> [SUPPLIED DATA]
↓
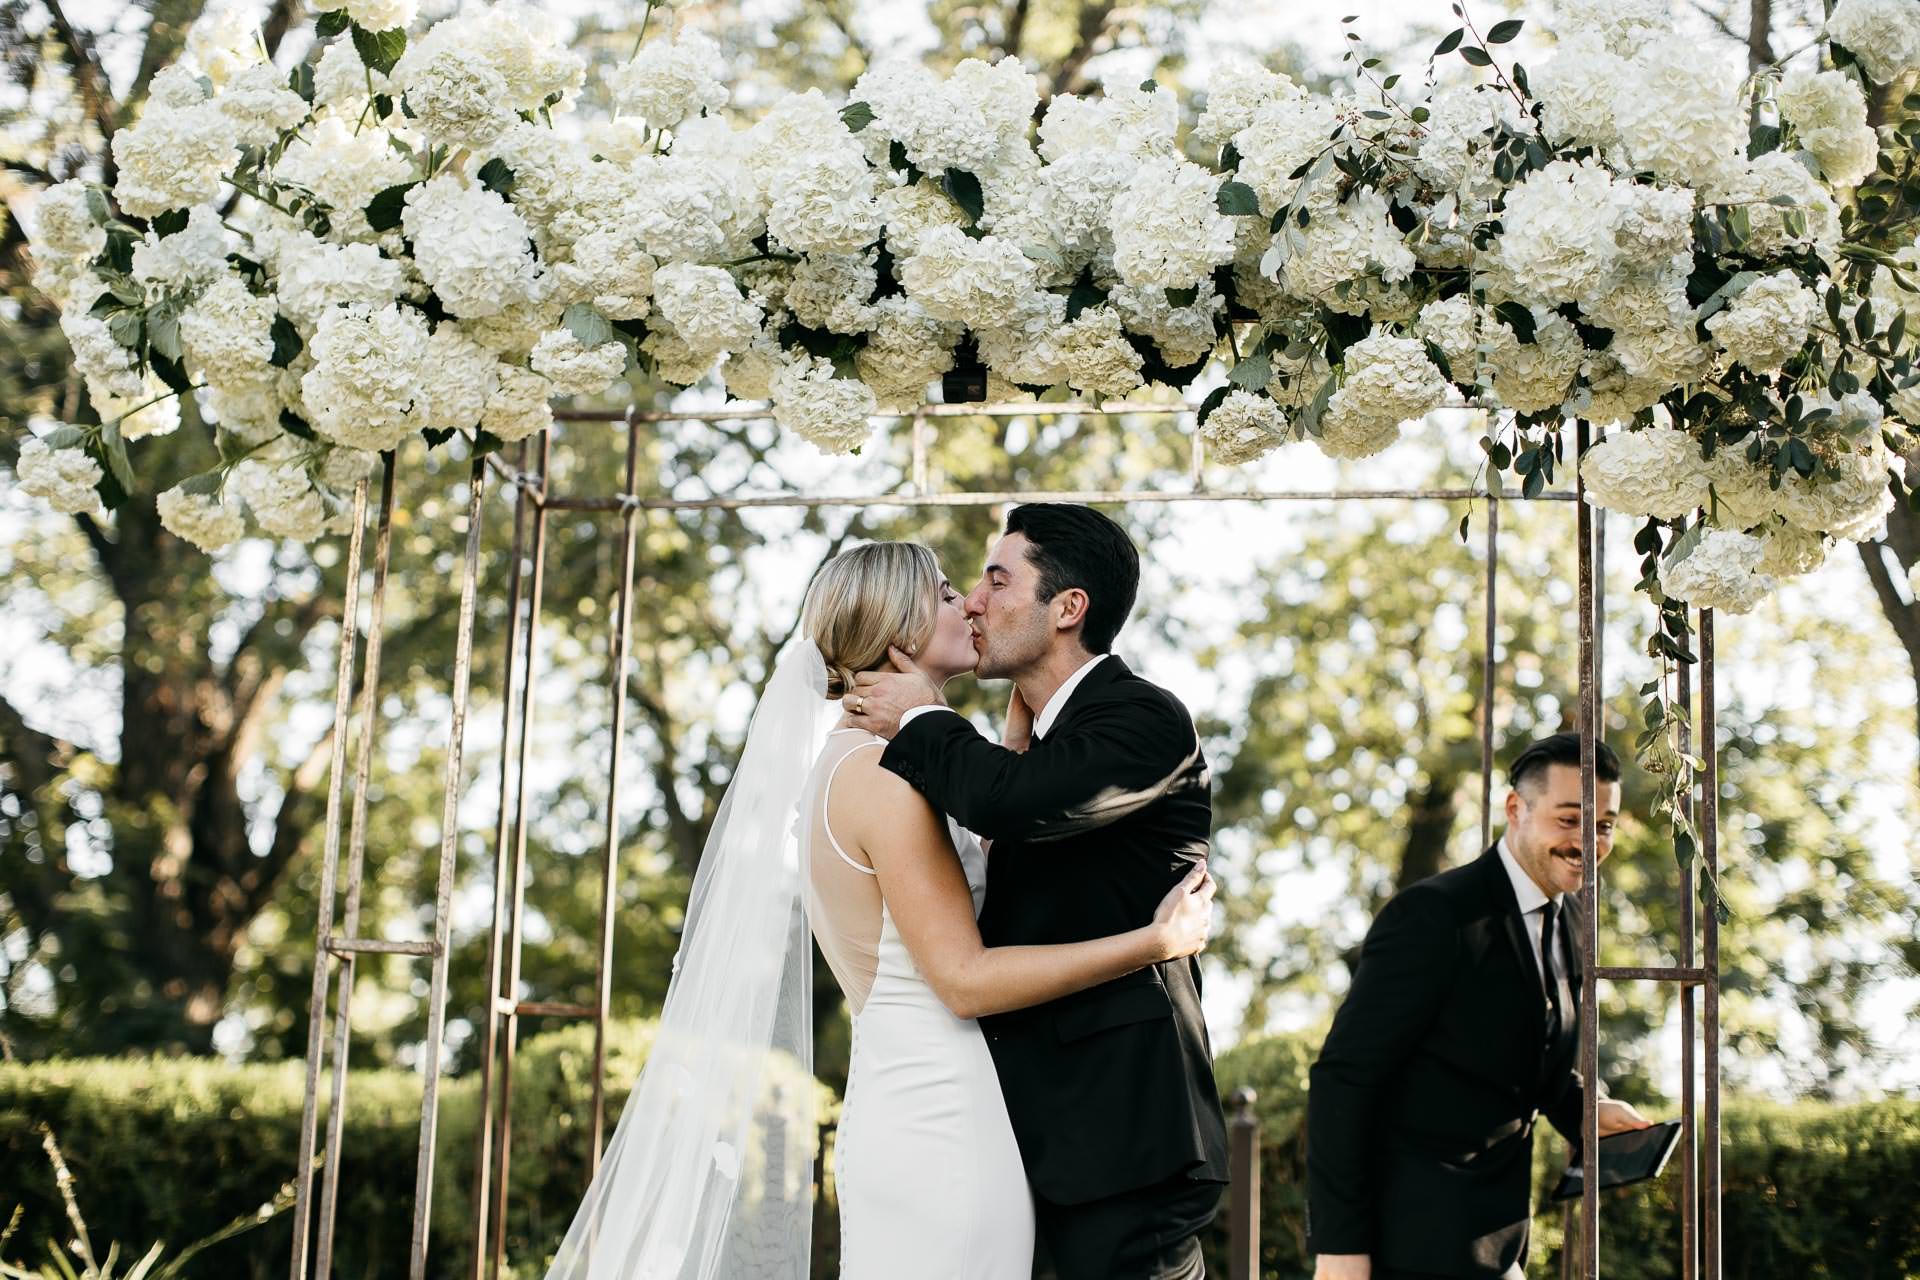 lauren_graham_wedding_california_park_winters_jeanlaurentgaudy_054
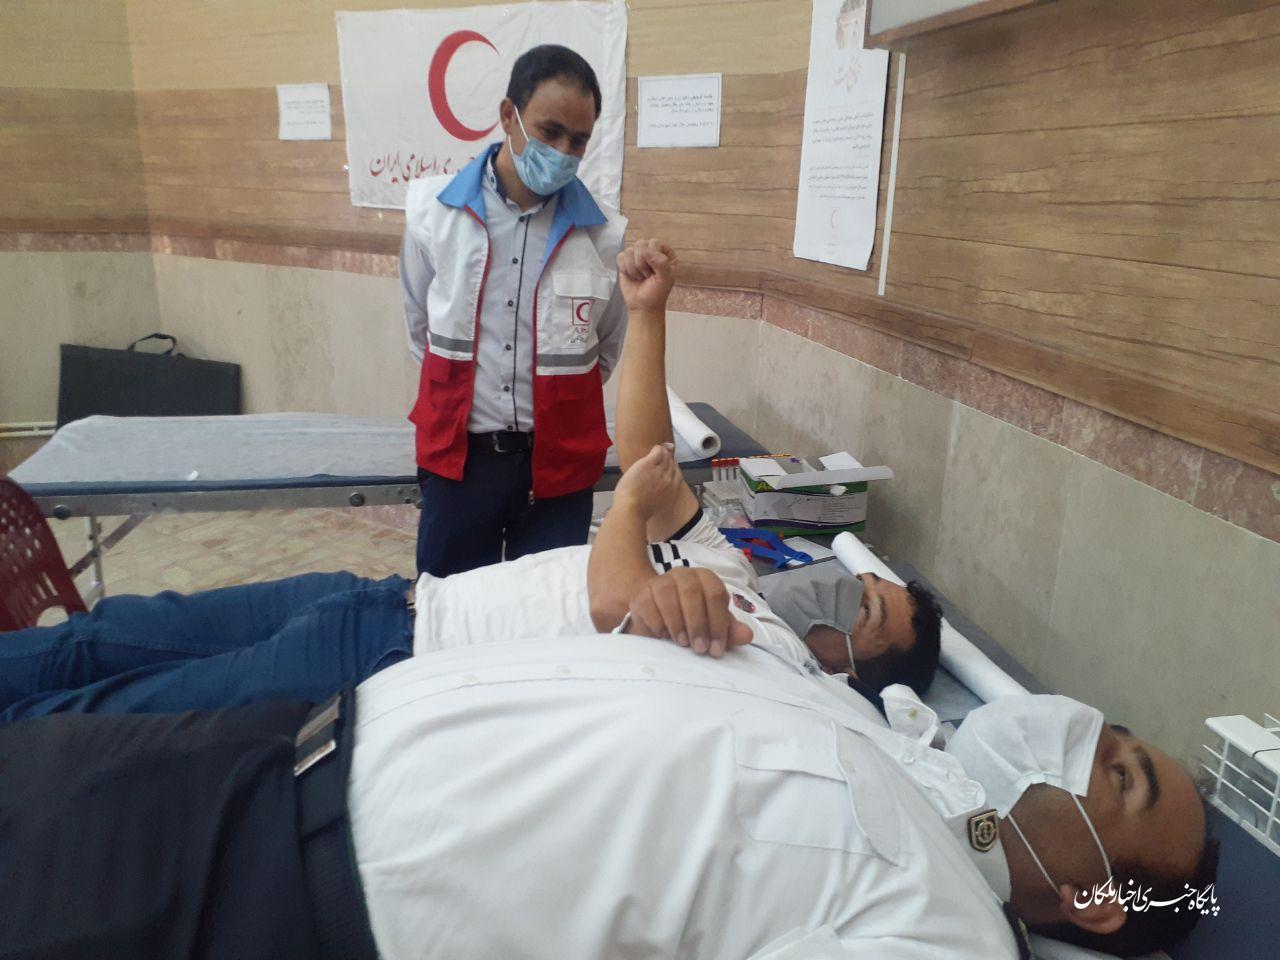 اخذ ۹۳ واحد خون در جمعیت هلال احمر شهرستان ملکان
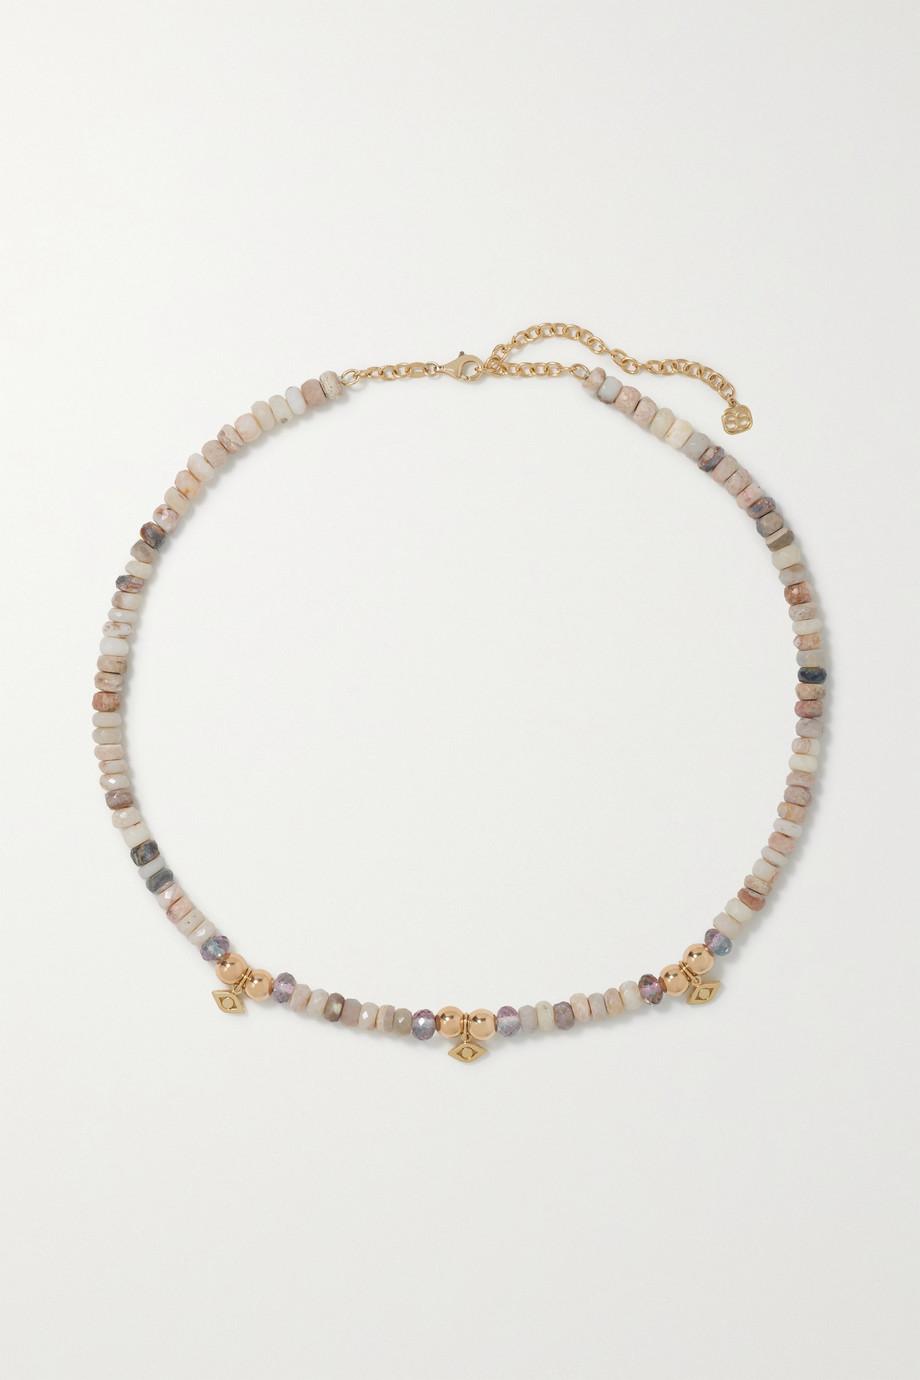 Sydney Evan Eternity small 14-karat gold opal and quartz necklace
↑
> [EXERCISE DETAILS]
Set down the material again exactly. Don't carry over any pictures.

> [OUTPUT OF THE TASK]
 lauren_graham_wedding_california_park_winters_jeanlaurentgaudy_054
 اخذ ۹۳ واحد خون در جمعیت هلال احمر شهرستان ملکان
 Sydney Evan Eternity small 14-karat gold opal and quartz necklace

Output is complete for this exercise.